-- Data shown follows --

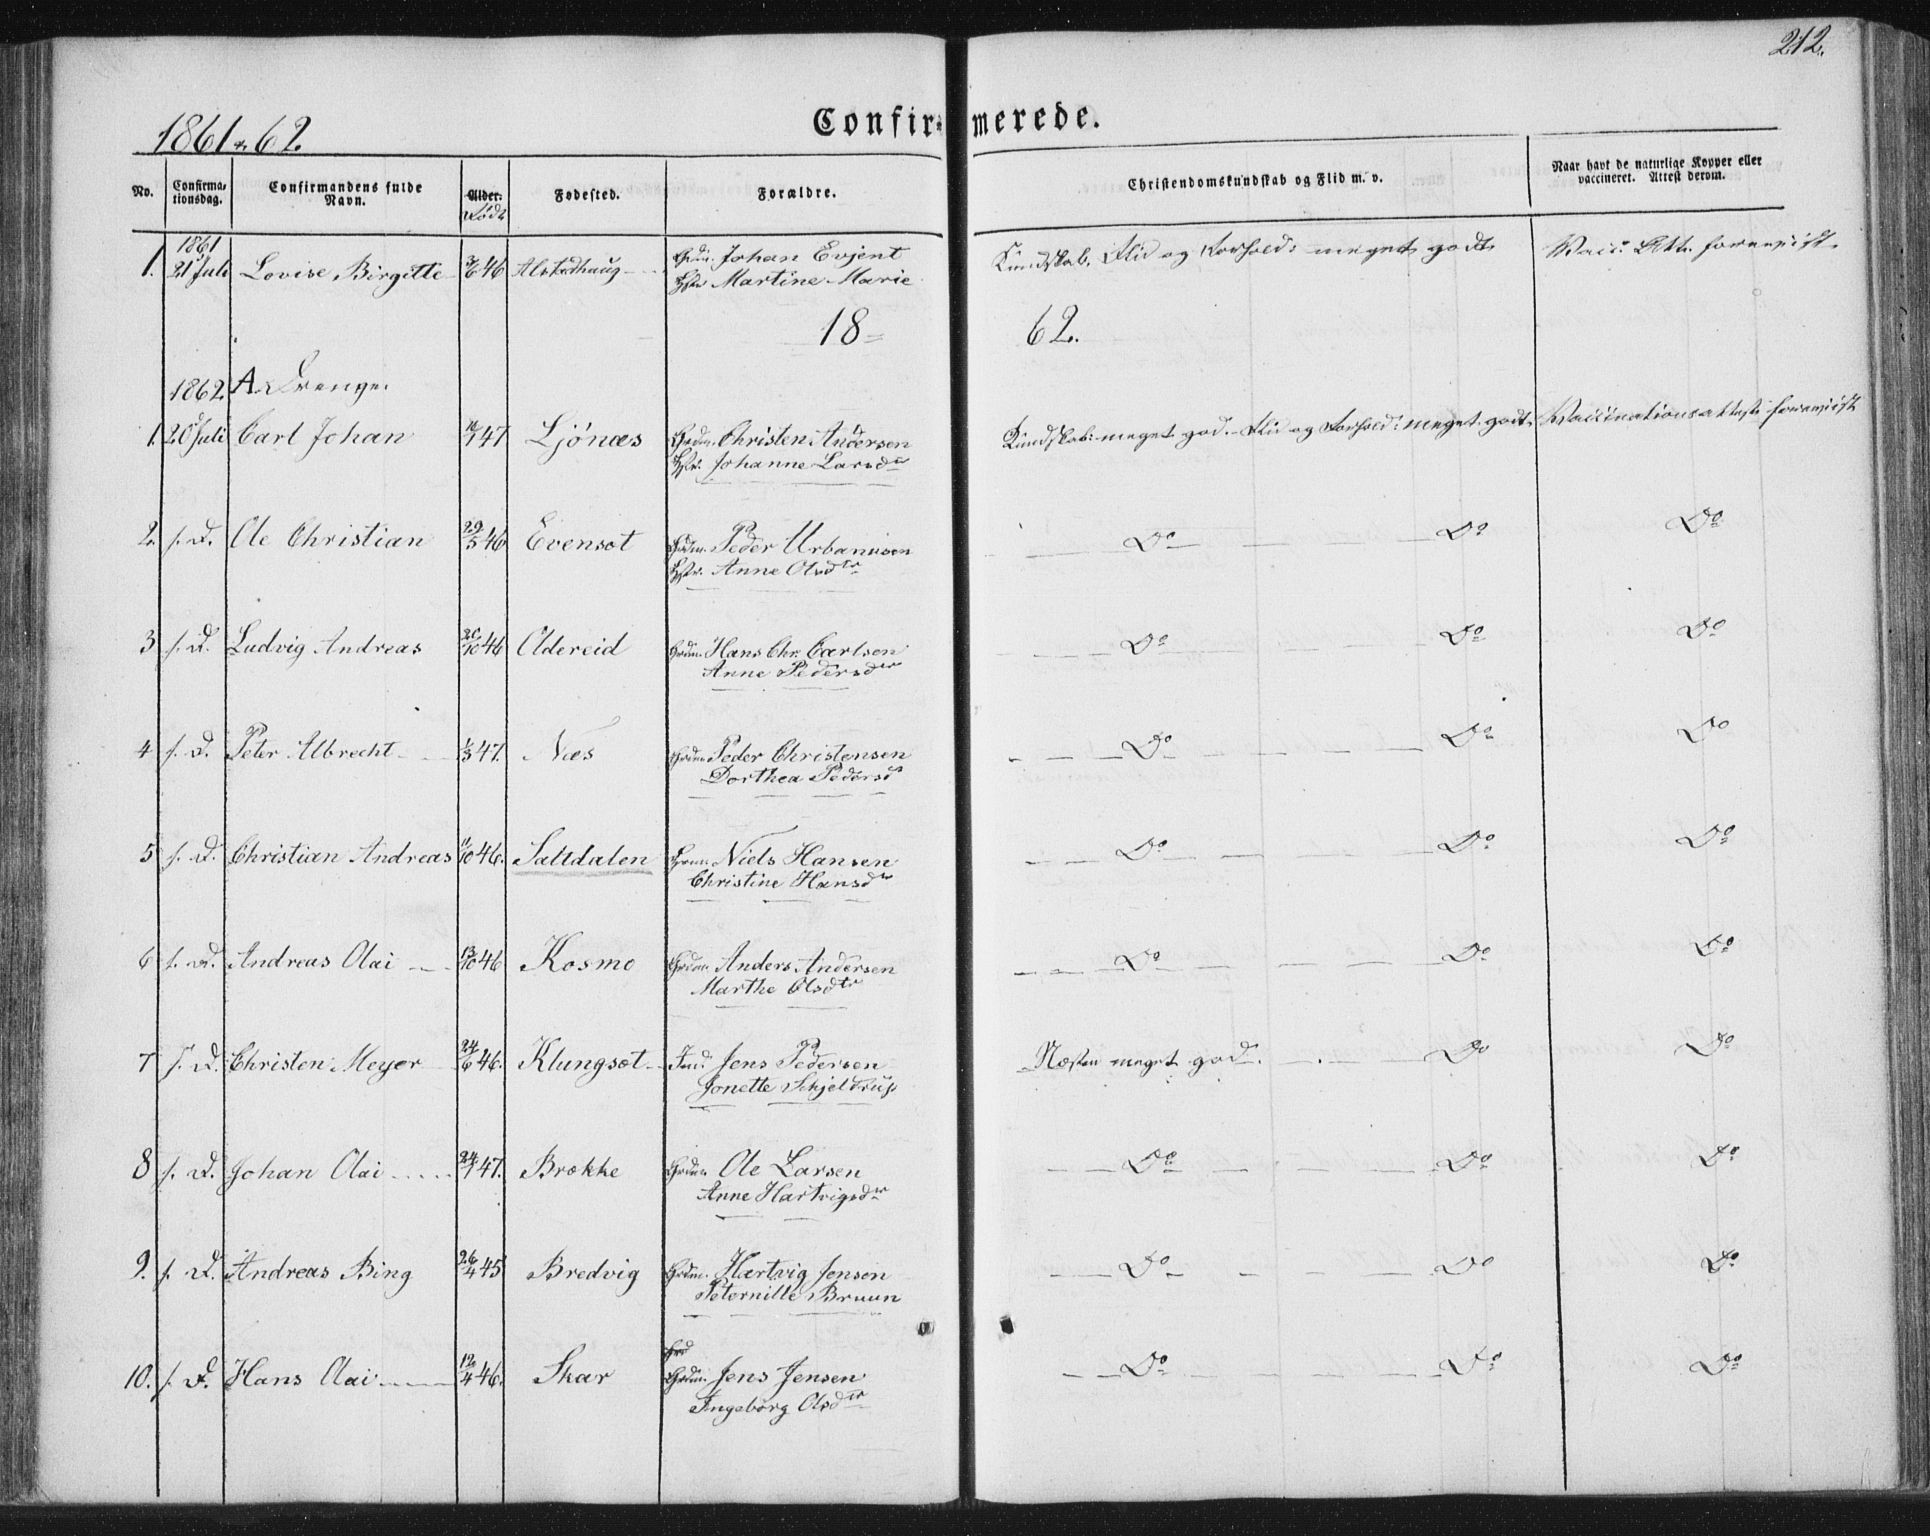 SAT, Ministerialprotokoller, klokkerbøker og fødselsregistre - Nordland, 852/L0738: Ministerialbok nr. 852A08, 1849-1865, s. 212
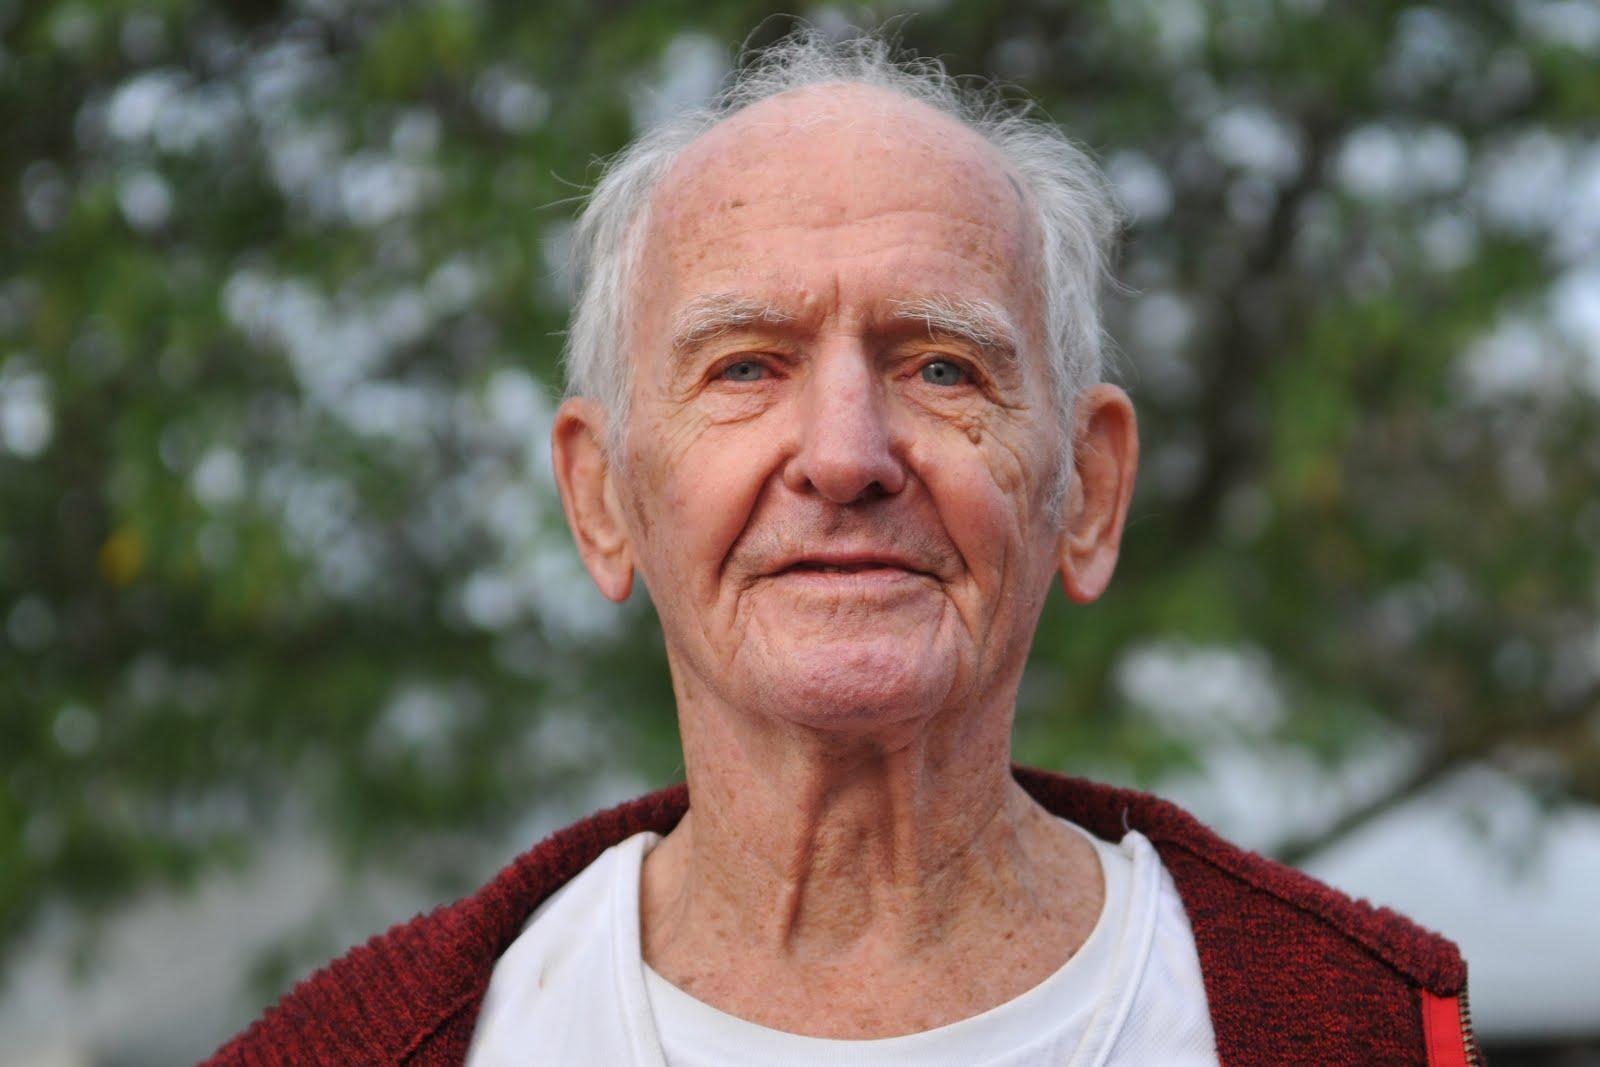 dating 70 year old man Gribskov
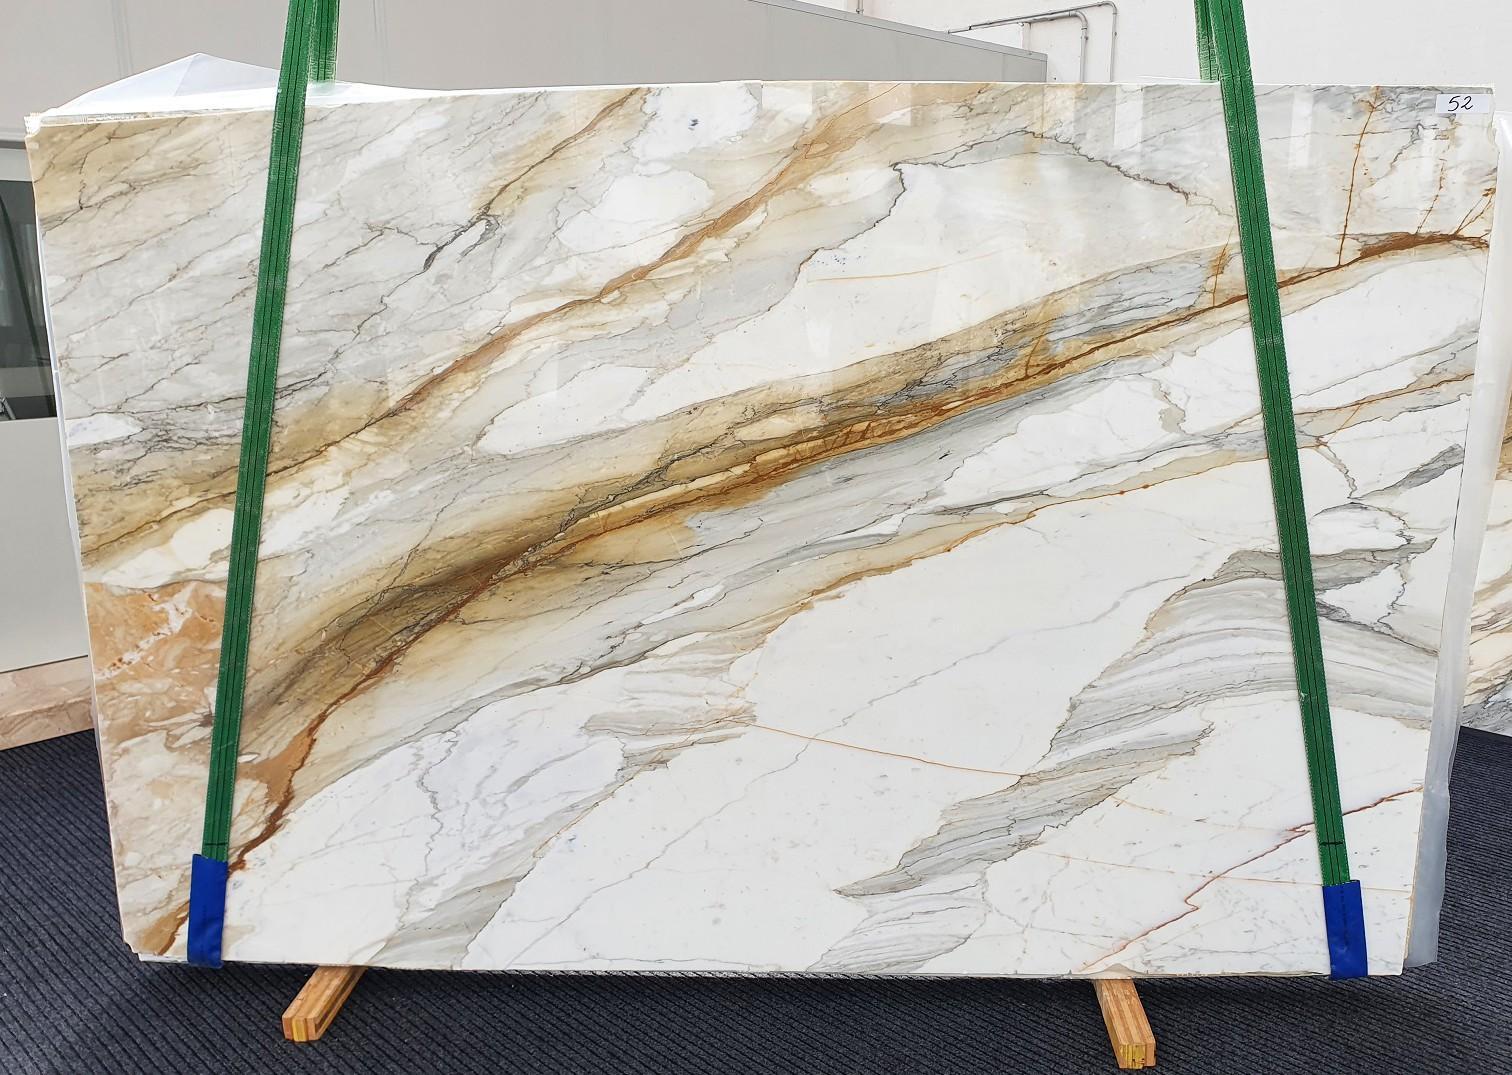 CALACATTA MACCHIAVECCHIA Suministro Veneto (Italia) de planchas pulidas en mármol natural 1354 , Slab #52

-- Data shown concluded --

The aim is an exact repeat of the entire listing, stripped of pictures.

> _Answer section_
 SAT, Ministerialprotokoller, klokkerbøker og fødselsregistre - Nordland, 852/L0738: Ministerialbok nr. 852A08, 1849-1865, s. 212
 dating 70 year old man Gribskov
 CALACATTA MACCHIAVECCHIA Suministro Veneto (Italia) de planchas pulidas en mármol natural 1354 , Slab #52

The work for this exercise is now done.